- [ASSIGNED TASK]:
State how many lines in the listing below hold the string "Label"; nothing else is wanted.
---
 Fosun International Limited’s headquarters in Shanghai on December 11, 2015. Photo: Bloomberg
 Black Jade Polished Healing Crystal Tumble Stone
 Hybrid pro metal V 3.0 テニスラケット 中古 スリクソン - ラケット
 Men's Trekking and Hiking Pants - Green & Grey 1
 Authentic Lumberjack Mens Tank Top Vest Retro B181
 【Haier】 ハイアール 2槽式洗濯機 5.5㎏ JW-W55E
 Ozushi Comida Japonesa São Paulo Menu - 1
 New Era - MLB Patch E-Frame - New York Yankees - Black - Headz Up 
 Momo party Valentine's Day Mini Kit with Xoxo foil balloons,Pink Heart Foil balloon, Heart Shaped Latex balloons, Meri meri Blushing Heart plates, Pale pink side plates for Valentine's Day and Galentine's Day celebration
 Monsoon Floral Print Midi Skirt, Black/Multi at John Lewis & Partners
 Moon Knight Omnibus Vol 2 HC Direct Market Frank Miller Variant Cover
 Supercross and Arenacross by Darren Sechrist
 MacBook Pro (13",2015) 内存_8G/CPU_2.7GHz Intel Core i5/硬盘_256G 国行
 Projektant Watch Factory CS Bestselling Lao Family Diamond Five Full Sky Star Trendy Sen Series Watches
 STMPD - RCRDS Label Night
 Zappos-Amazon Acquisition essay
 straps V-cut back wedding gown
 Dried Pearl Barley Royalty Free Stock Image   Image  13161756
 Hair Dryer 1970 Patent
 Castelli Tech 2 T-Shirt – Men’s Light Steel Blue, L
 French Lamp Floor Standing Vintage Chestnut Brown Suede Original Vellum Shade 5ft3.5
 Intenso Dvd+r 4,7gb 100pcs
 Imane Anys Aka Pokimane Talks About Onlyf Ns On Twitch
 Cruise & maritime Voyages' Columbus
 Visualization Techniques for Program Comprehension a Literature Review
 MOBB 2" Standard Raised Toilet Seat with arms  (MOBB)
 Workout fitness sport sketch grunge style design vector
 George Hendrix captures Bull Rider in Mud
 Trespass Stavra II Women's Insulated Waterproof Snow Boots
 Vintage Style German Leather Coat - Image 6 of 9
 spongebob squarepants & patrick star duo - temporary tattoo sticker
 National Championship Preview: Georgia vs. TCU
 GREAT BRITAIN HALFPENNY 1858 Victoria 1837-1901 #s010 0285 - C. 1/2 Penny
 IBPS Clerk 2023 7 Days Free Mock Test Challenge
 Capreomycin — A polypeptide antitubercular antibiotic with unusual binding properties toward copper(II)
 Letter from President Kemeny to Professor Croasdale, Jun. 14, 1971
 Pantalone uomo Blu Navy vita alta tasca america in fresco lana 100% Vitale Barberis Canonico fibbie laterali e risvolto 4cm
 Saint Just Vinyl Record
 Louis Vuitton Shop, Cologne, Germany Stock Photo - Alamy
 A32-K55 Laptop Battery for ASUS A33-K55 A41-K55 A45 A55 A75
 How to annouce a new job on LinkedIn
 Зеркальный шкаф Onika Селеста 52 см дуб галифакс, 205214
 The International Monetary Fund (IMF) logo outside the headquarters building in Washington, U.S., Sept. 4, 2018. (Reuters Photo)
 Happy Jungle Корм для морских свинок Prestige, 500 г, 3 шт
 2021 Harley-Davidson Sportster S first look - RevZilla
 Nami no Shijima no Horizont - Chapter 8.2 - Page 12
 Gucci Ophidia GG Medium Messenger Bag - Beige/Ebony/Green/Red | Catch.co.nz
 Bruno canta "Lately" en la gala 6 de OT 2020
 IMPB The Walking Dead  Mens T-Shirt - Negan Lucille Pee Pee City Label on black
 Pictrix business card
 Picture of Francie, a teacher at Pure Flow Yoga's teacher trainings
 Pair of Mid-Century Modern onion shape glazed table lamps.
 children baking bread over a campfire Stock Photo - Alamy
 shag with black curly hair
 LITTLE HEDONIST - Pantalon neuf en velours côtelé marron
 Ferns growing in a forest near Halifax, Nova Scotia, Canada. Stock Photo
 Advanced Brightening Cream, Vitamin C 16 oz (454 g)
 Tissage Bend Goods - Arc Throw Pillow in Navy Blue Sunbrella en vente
---
- [EXPECTED ANSWER]:
2